But, fact is, some of the things I'm perty durn proud of are nearly as, if not far more, specific... #sdramThing4.5 "Logic Analyzer" comes to mind. The challenge of making the most of what's available, I guess... Making it do things that some might consider impossible, given the resources, and expectations that needn't be so rigid. Many of the concepts can be reused... in sdramThing4.5's case, many were, from other projects, in its creation, while many more were created with its growth. I really like, for instance, how the cursors were implemented... The screen AND sample timings are loaded into, essentially, a framebuffer.

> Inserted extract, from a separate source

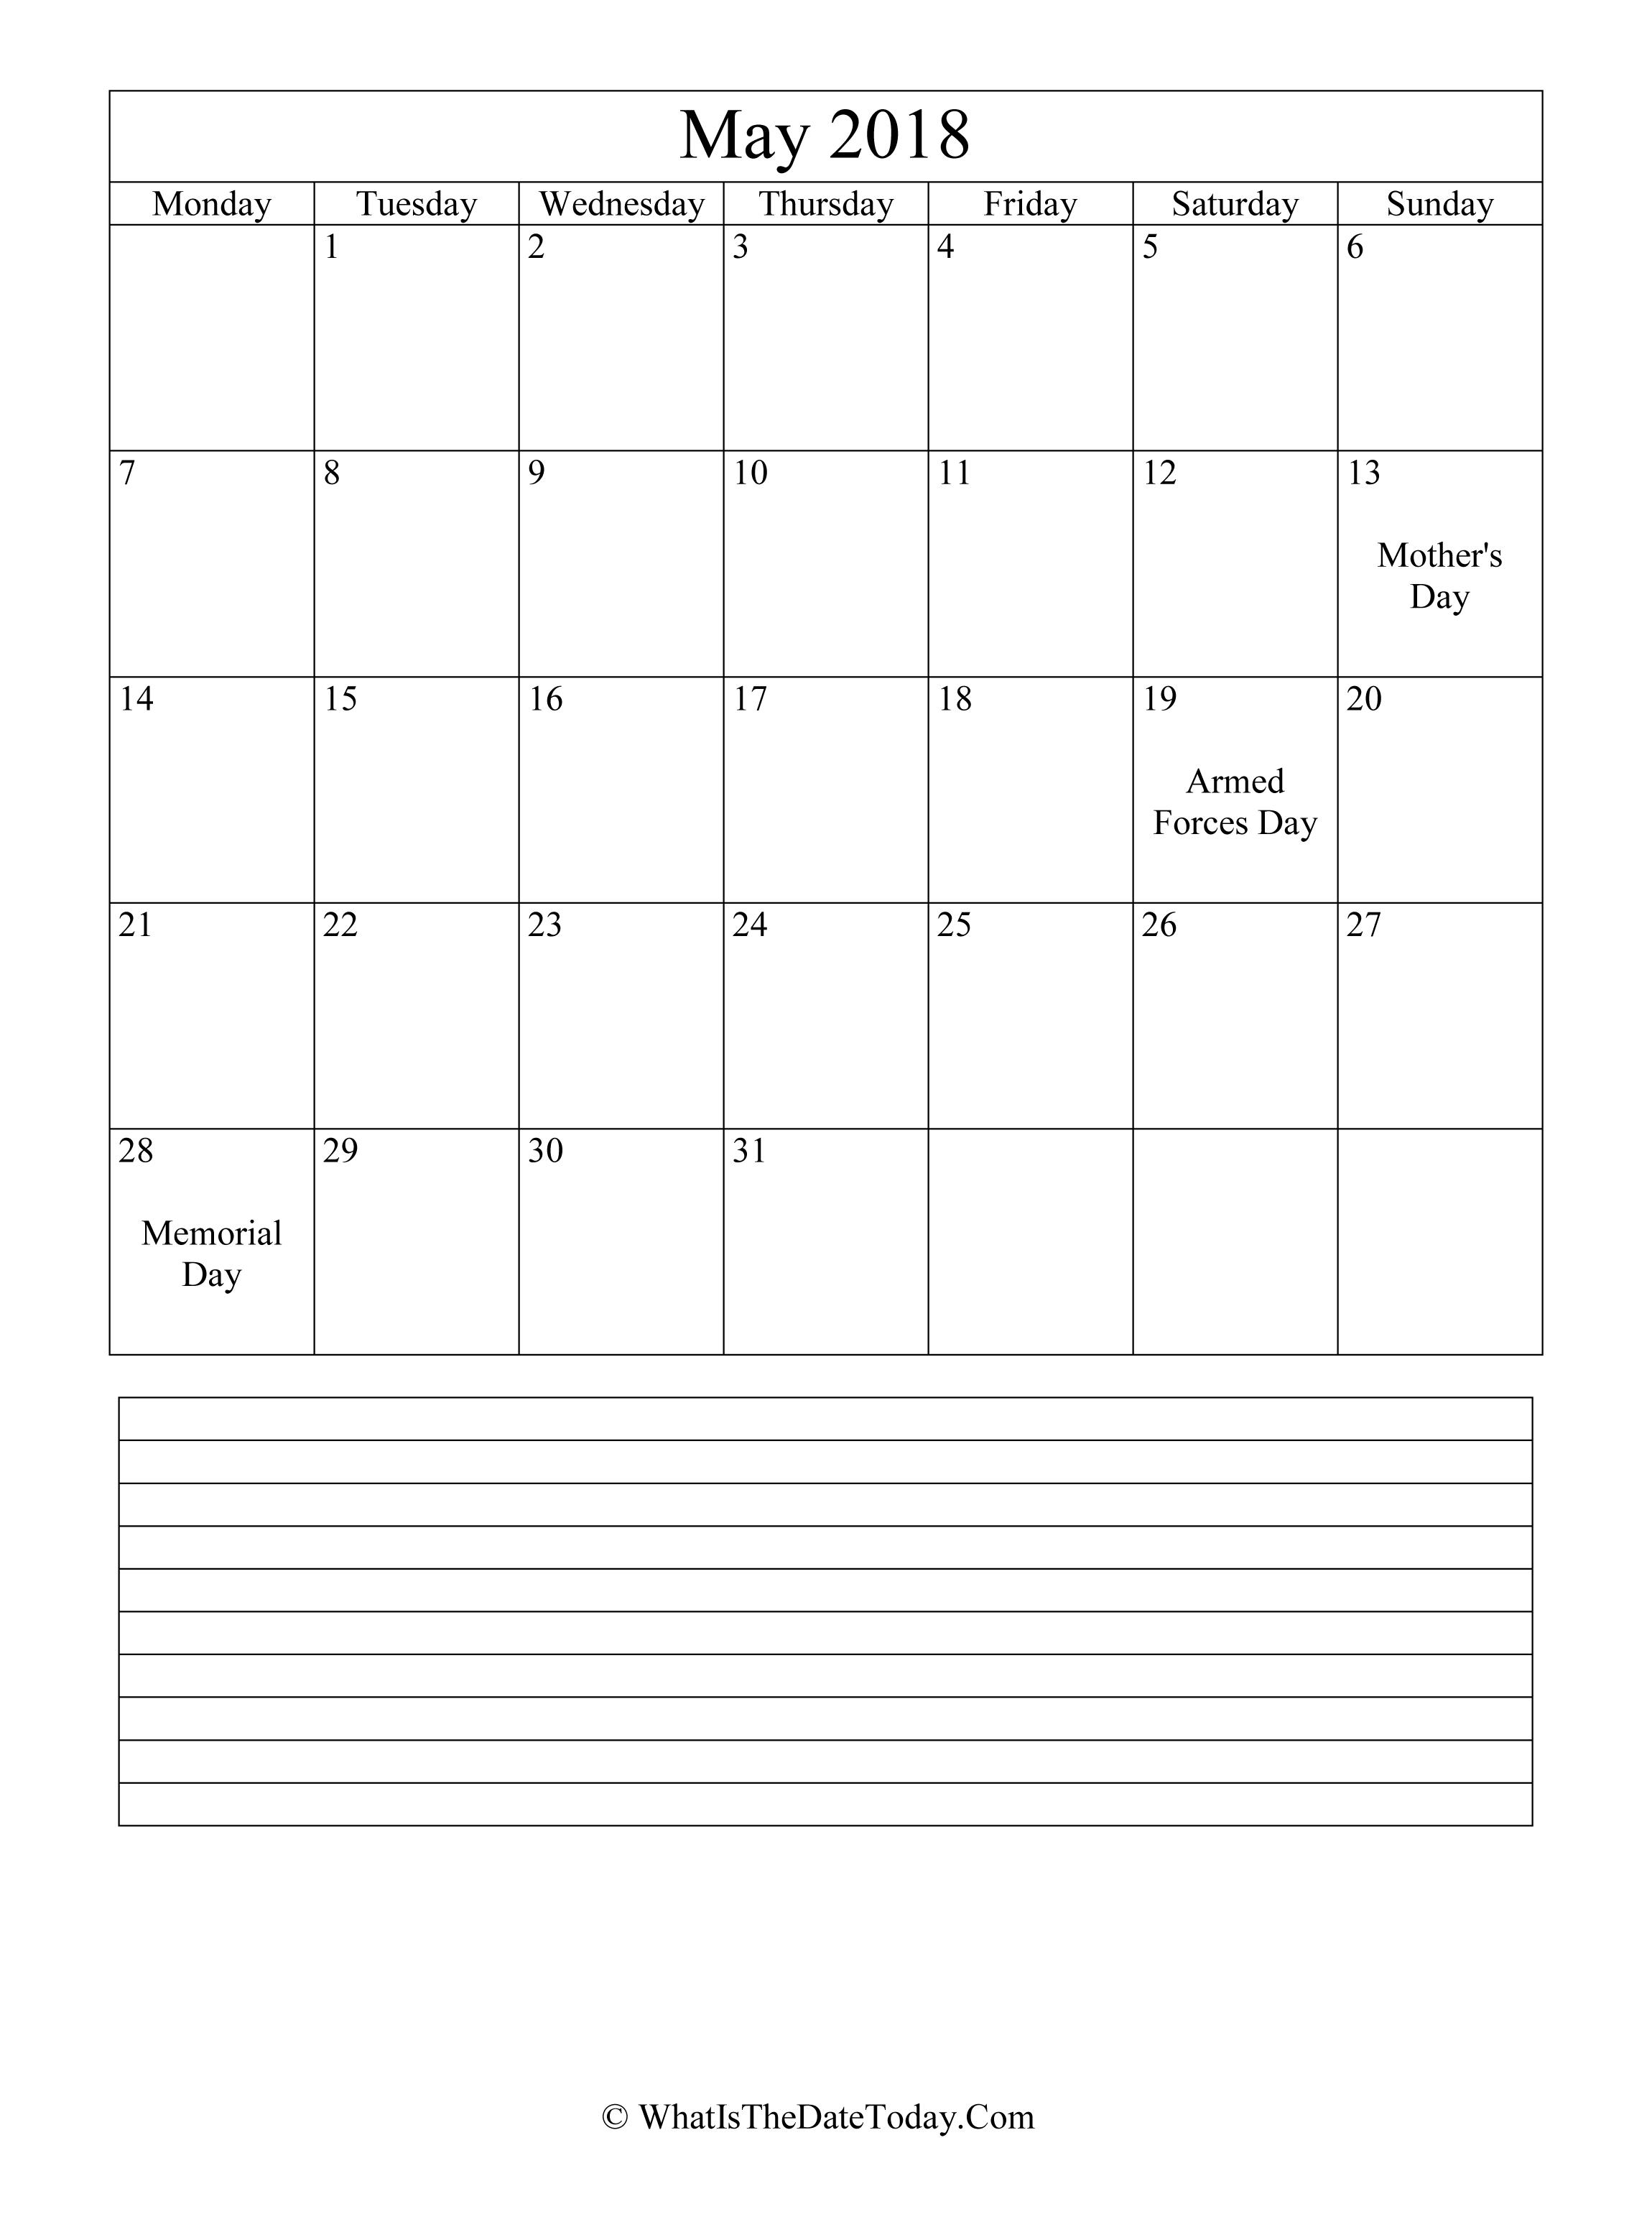 version 2018 calendar
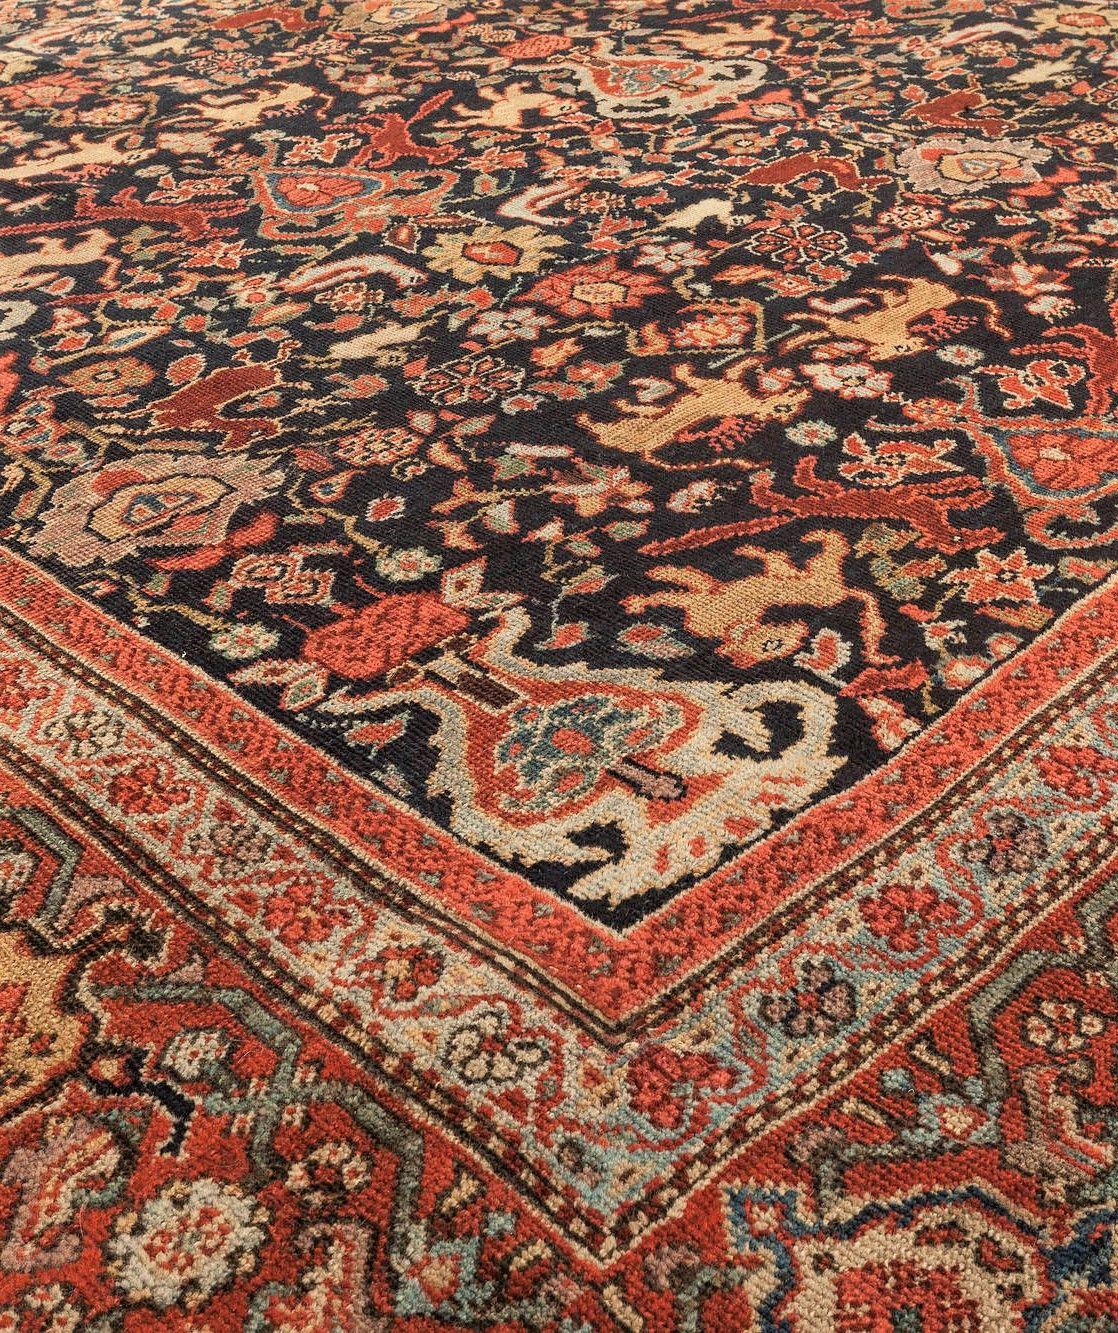 Authentic Antique And Vintage Rugs Dorisleslieblau Com Rugs Simple Carpets Silver Carpet

But, since the lvds signals sent to the screen are divided into three separate channels, and since the channel containing screen timings /also/ contains the upper blue bits, I repurposed the timing framebuffer to /also/ include the blue cursors. A second separate "framebuffer" contains the samples, which, of course, gets rewritten during sampling... and then, at the lowest level, the framebuffer/sampling/memory-addressing/timing is all handled by the memory itself, a concept that later went into #sdramThingZero - 133MS/s 32-bit Logic Analyzer ... I dunno, I kinda dig it. Prety sure no one's done similar, and yet, the memory has the necessary features to do so many things we usually develop yet another system to do for it. Heh!

...

So, back to the TI-86/z80 endeavors, here... well, I guess I never realized how blessed I was always having a crystal-oscillator or /surprisingly/ accurate (laser-trimmed!) R/C clock for my projects, or the seemingly universal availability of a dedicated timer/counter for precise timing of things like bitbanging a UART.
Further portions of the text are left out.